3. Marginalization by numerical quadrature¶
[1]:
# Colab setup ------------------
import os, sys, subprocess
if "google.colab" in sys.modules:
cmd = "pip install --upgrade bebi103 watermark"
process = subprocess.Popen(cmd.split(), stdout=subprocess.PIPE, stderr=subprocess.PIPE)
stdout, stderr = process.communicate()
data_path = "https://s3.amazonaws.com/bebi103.caltech.edu/data/"
else:
data_path = "../data/"
# ------------------------------
import numpy as np
import pandas as pd
import scipy.integrate
import scipy.stats as st
import bebi103
import holoviews as hv
hv.extension('bokeh')
bebi103.hv.set_defaults()
We will continue working with the spindle length data set, this time using the tubulin conservation model. We’ll start by loading in the data set and making a plot to remind us of the structure of the data.
[2]:
# Load in Data Frame
df = pd.read_csv(os.path.join(data_path, 'good_invitro_droplet_data.csv'), comment='#')
# Pull out numpy arrays
ell = df['Spindle Length (um)'].values
d = df['Droplet Diameter (um)'].values
# Make a plot
hv.Scatter(
data=df,
kdims='Droplet Diameter (um)',
vdims='Spindle Length (um)',
)
Data type cannot be displayed:
[2]:
The tubulin conservation model¶
In the tubulin conservation model, the spindle length depends on the droplet diameter \(d\) according to
\begin{align} l(d;\gamma, \phi) = \frac{\gamma d}{(1 + (\gamma d/\phi)^3)^\frac{1}{3}}. \end{align}
Note that \(0 \le \gamma \le 1\) and \(\phi\) is again positive. We again assume that the measurements are Normally distributed about this theoretical curve. We assume a Uniform prior for \(\gamma\), giving a generative model of
\begin{align} &g(\phi) = \text{constant} \\ &\gamma \sim \text{Uniform}(0, 1) \\ &g(\sigma) = 1/\sigma \\ &l_i \sim \text{Normal}(l(d_i;\gamma,\phi), \sigma) \;\forall i. \end{align}
Analytical marginalization¶
The posterior distribution is
\begin{align} g(\gamma, \phi, \sigma \mid \{d_i, l_i\}) \propto \frac{1}{\sigma^{n+1}}\,\exp\left[-\frac{1}{2\sigma^2}\sum_{i=1}^n\left(l_i-\frac{\gamma d_i}{(1 + (\gamma d_i/\phi)^3)^\frac{1}{3}}\right)^2\right], \end{align}
a trivariate distribution. We cannot really visualize a tri-variate distribution, so we need to marginalize the distribution. If we want the marginalized posterior \(g(\gamma, \phi \mid \{l_i\})\), we can analytically marginalize out \(\sigma\). We again use the fact that
\begin{align} \int_0^\infty \mathrm{d}\sigma \,\frac{1}{\sigma^{n+1}}\,\mathrm{e}^{-x/2\sigma^2} \propto x^{-n/2}. \end{align}
to get
\begin{align} g(\gamma, \phi \mid \{d_i, l_i\}) = \int_0^\infty \mathrm{d}\sigma\,g(\gamma, \phi, \sigma \mid \{d_i, l_i\}) \propto \left(\sum_{i=1}^n\left(l_i-\frac{\gamma d_i}{(1 + (\gamma d_i/\phi)^3)^\frac{1}{3}}\right)^2\right)^{-n/2}. \end{align}
We can then plot this marginalized posterior, which contains information about the two parameters we care most about, \(\phi\) and \(\gamma\), as a contour plot. First, we code up a function to compute the log marginalized posterior.
[3]:
def theor_spindle_length(gamma, phi, d):
"""Compute spindle length using mathematical model"""

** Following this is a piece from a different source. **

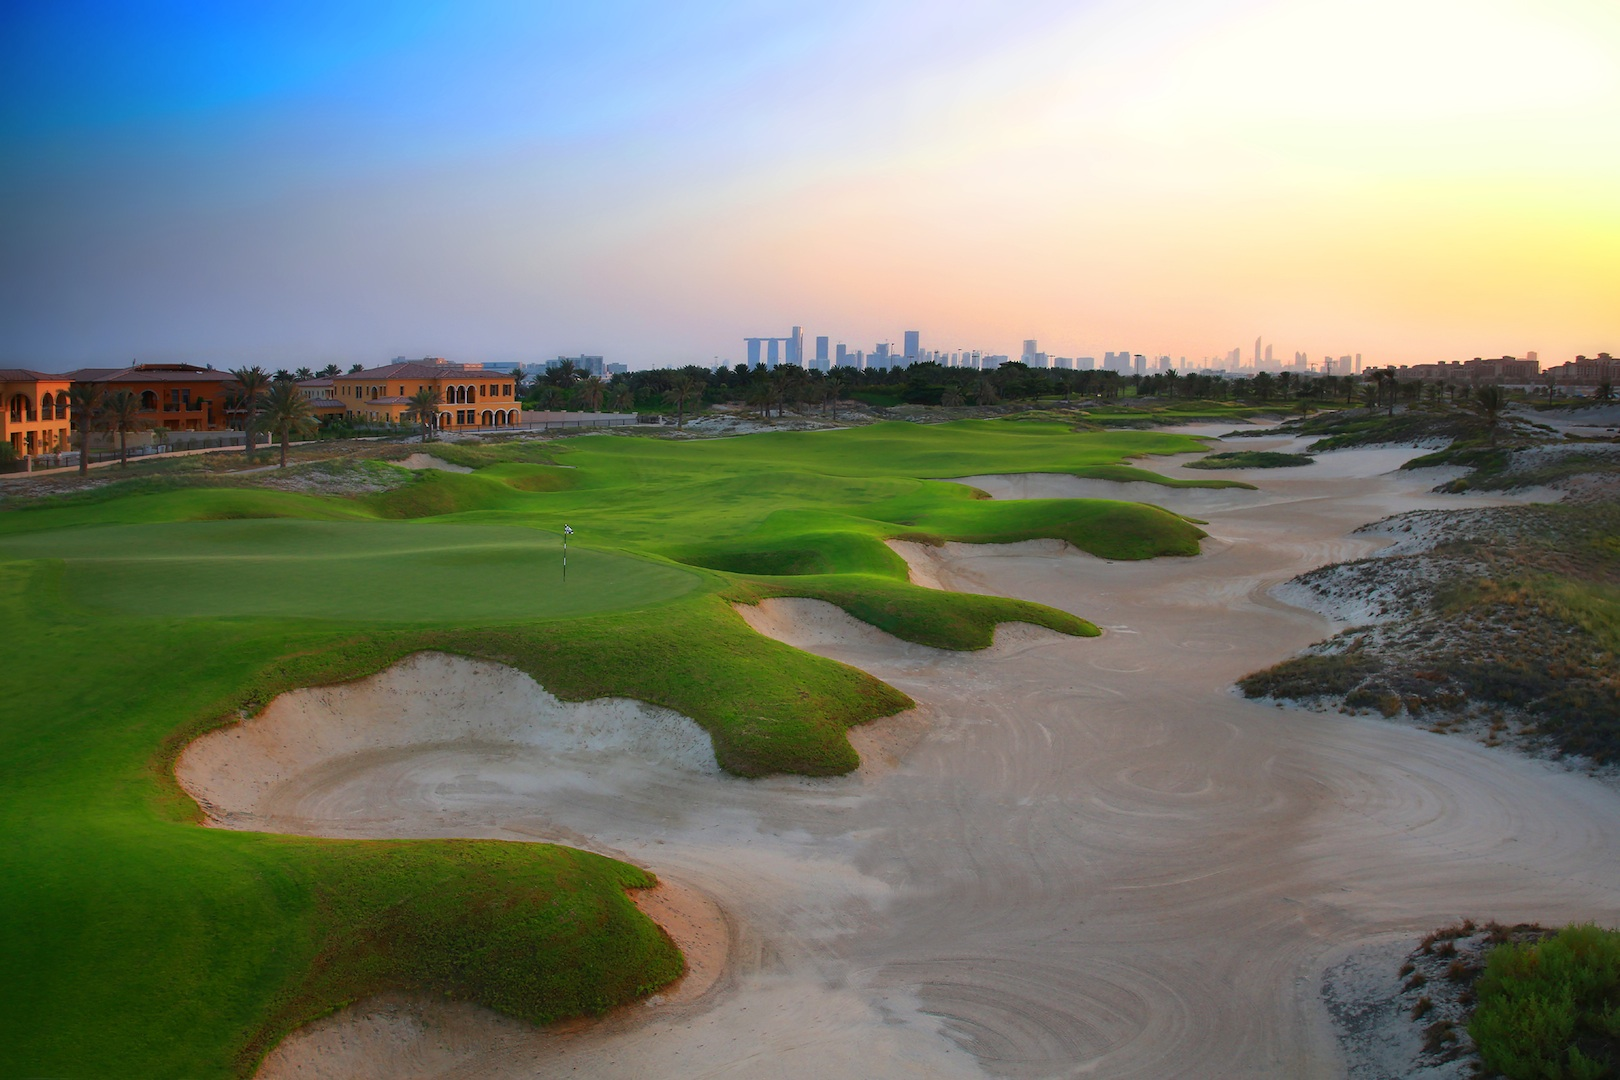 GolfPorn: Saadiyat Beach Golf Course, Abu Dhabi

return gamma * d / np.cbrt(1 + (gamma * d / phi) ** 3)
def log_marginalized_posterior(params, d, ell):
"""Log posterior for independent size model"""
gamma, phi = params
return (
-len(ell) * np.log(np.sum((ell - theor_spindle_length(gamma, phi, d)) ** 2)) / 2
)
Next, we select ranges to make the plot. We can eyeball the plot of the data to guess a good range. We know that \(\phi\) should be somewhere around 37 µm or so, which is where the data asymptote for large \(d\). The initial slope of the data (which is what \(\gamma\) gives) is somewhere around 3/4. So, we will plot the marginalized posterior in the range \(0.7 \le \gamma \le 0.9\) and \(30 \le \phi \le 45\) µm.
[4]:
gamma = np.linspace(0.7, 0.9, 200)
phi = np.linspace(30, 45, 200)
LOG_POST = np.zeros((len(gamma), len(phi)))
for j, phi_val in enumerate(phi):
for i, gamma_val in enumerate(gamma):
LOG_POST[i, j] = log_marginalized_posterior(
np.array([gamma_val, phi_val]), d, ell
)
We can now construct a contour plot, again adjusting the log posterior to avoid underflow or overflow when exponentiating.
[5]:
POST = np.exp(LOG_POST - LOG_POST.max())
im = hv.Image((phi, gamma, POST), kdims=["φ (µm)", "γ"])
hv.operation.contours(im, levels=5, overlaid=True).opts(
hv.opts.Contours(
cmap=["white"],
frame_height=300,
frame_width=300,
line_width=2,
show_legend=False,
)
).opts(padding=0)
Data type cannot be displayed:
[5]:
We have zoomed out too much, but we can identify the peak. Let’s plot with more instructive ranges.
[6]:
gamma = np.linspace(0.8, 0.9, 200)
phi = np.linspace(36, 40, 200)
LOG_POST = np.zeros((len(gamma), len(phi)))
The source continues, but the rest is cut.